Your instructions: When the line with "Ex-Genesis-Sänger Ray Wilson" turns up below, begin repeating exactly, and carry on through the line with "Der Prozess des"; no pictures go into the copy.

Entries shown:
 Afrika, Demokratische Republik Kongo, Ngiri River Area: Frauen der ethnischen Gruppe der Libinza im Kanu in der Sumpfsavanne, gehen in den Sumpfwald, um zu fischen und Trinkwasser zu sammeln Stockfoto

* * *

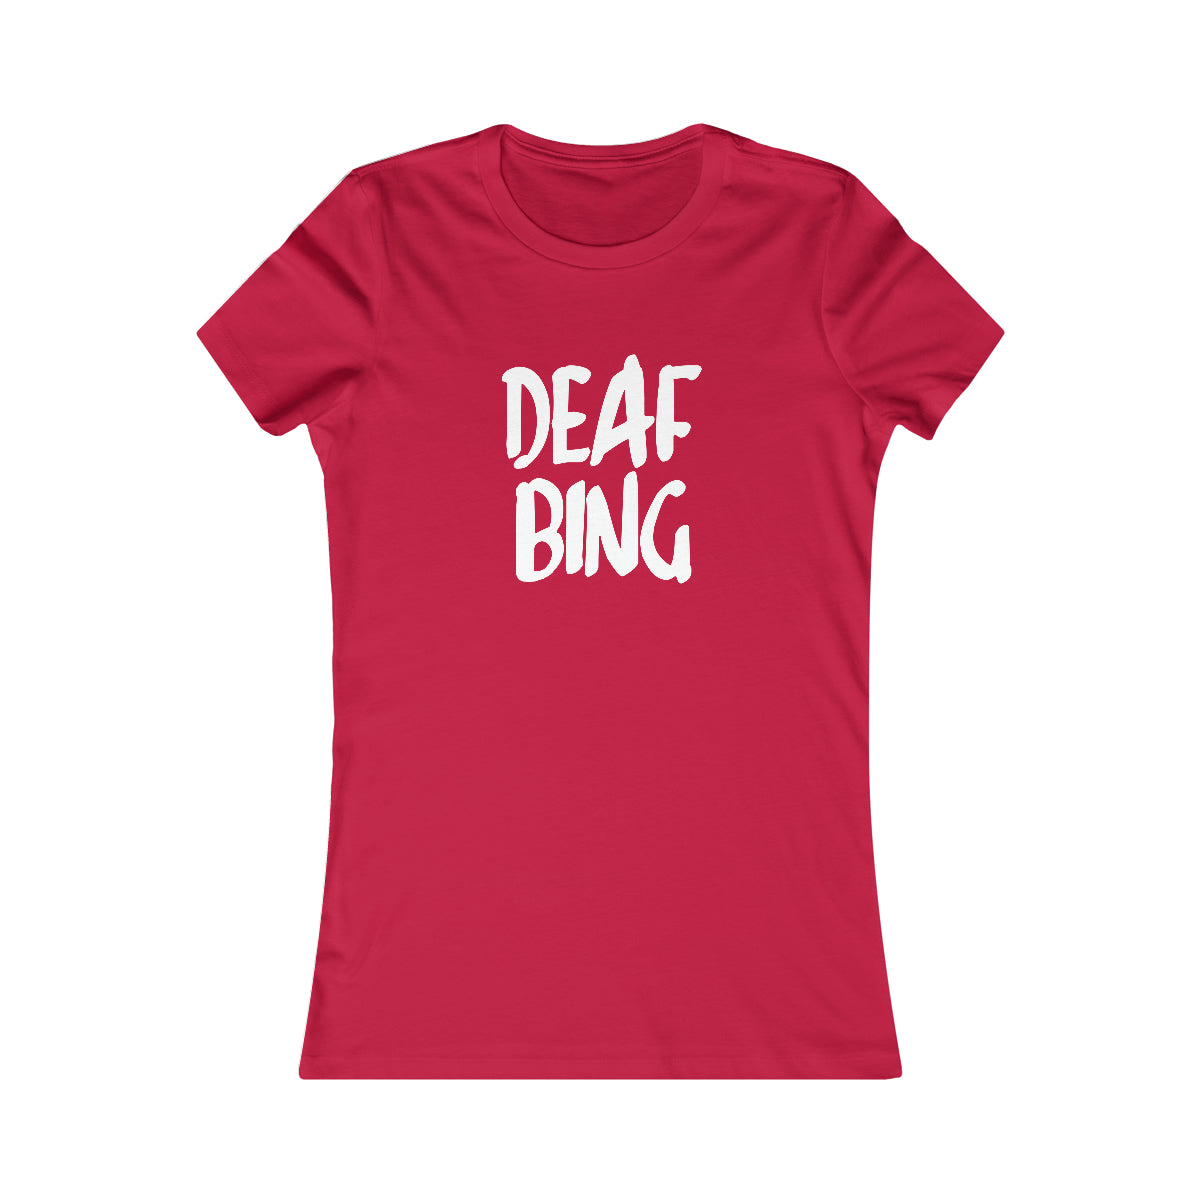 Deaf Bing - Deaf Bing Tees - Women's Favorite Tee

---

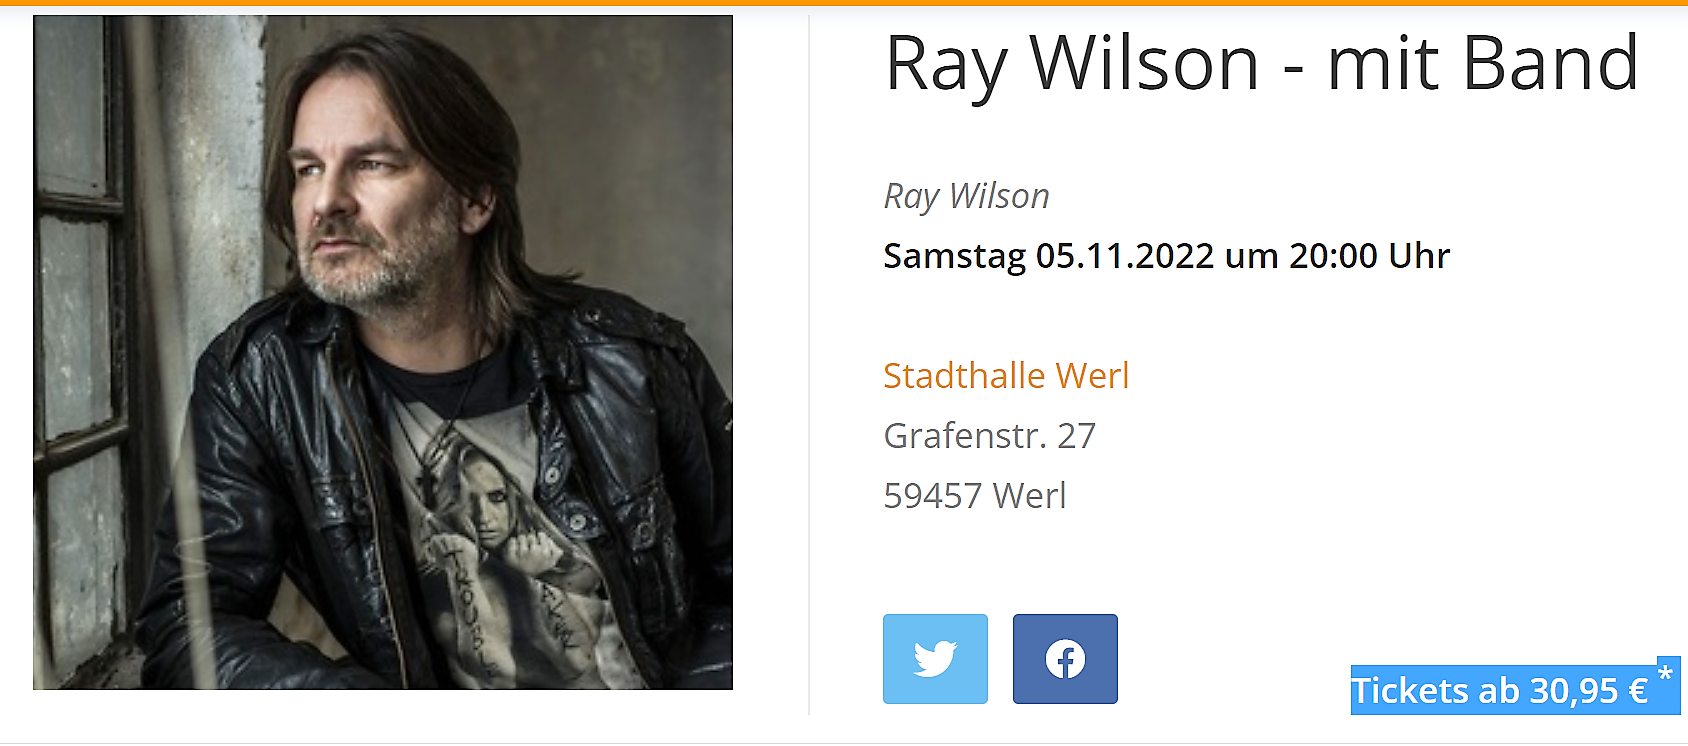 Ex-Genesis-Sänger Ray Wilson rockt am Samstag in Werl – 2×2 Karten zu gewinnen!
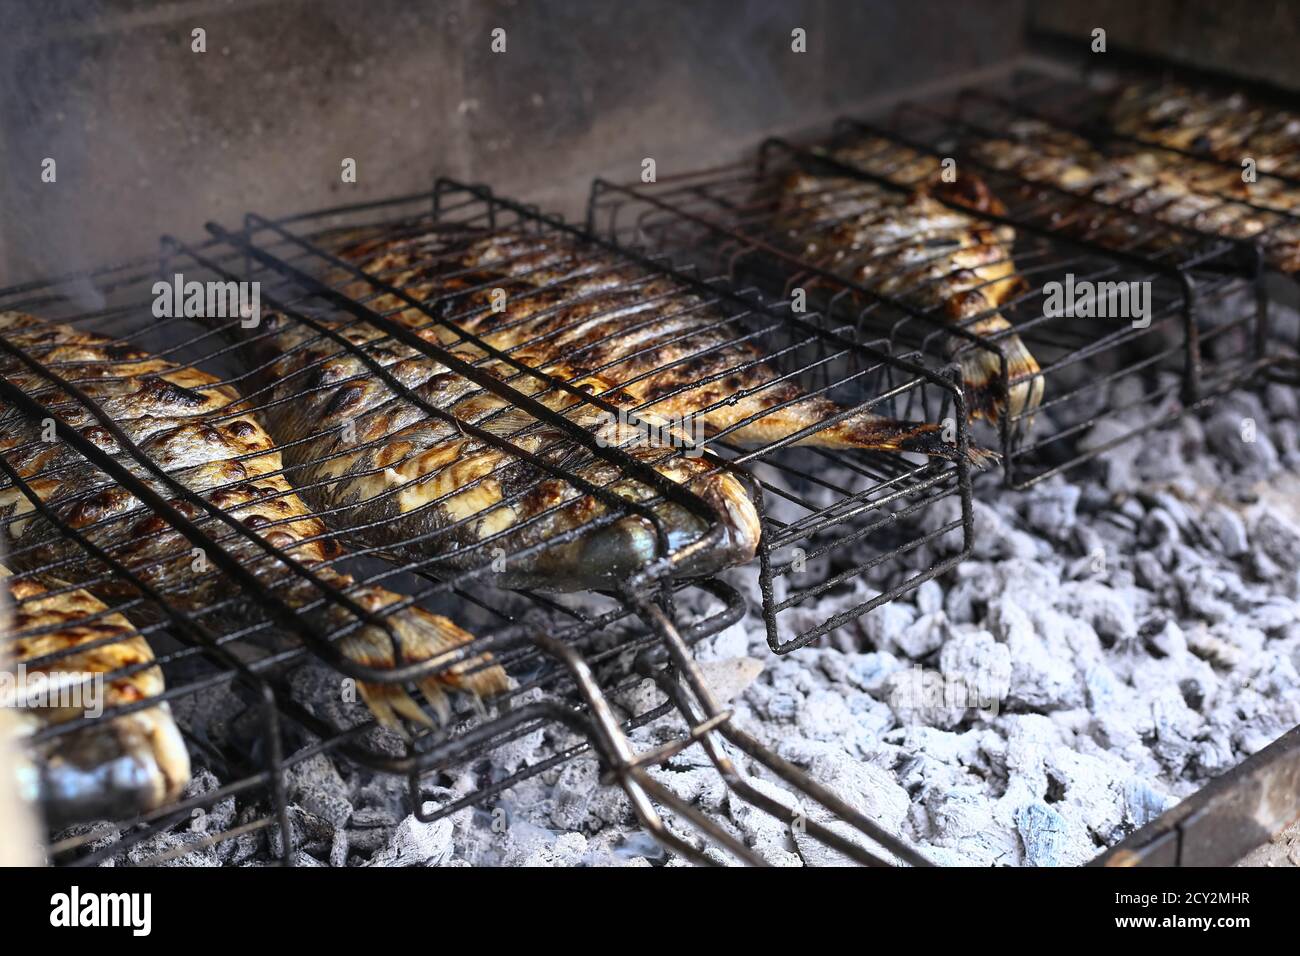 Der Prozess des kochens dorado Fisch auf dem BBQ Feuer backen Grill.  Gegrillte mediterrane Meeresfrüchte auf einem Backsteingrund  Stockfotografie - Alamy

Output of the exercise:
 Ex-Genesis-Sänger Ray Wilson rockt am Samstag in Werl – 2×2 Karten zu gewinnen!
 Der Prozess des kochens dorado Fisch auf dem BBQ Feuer backen Grill.  Gegrillte mediterrane Meeresfrüchte auf einem Backsteingrund  Stockfotografie - Alamy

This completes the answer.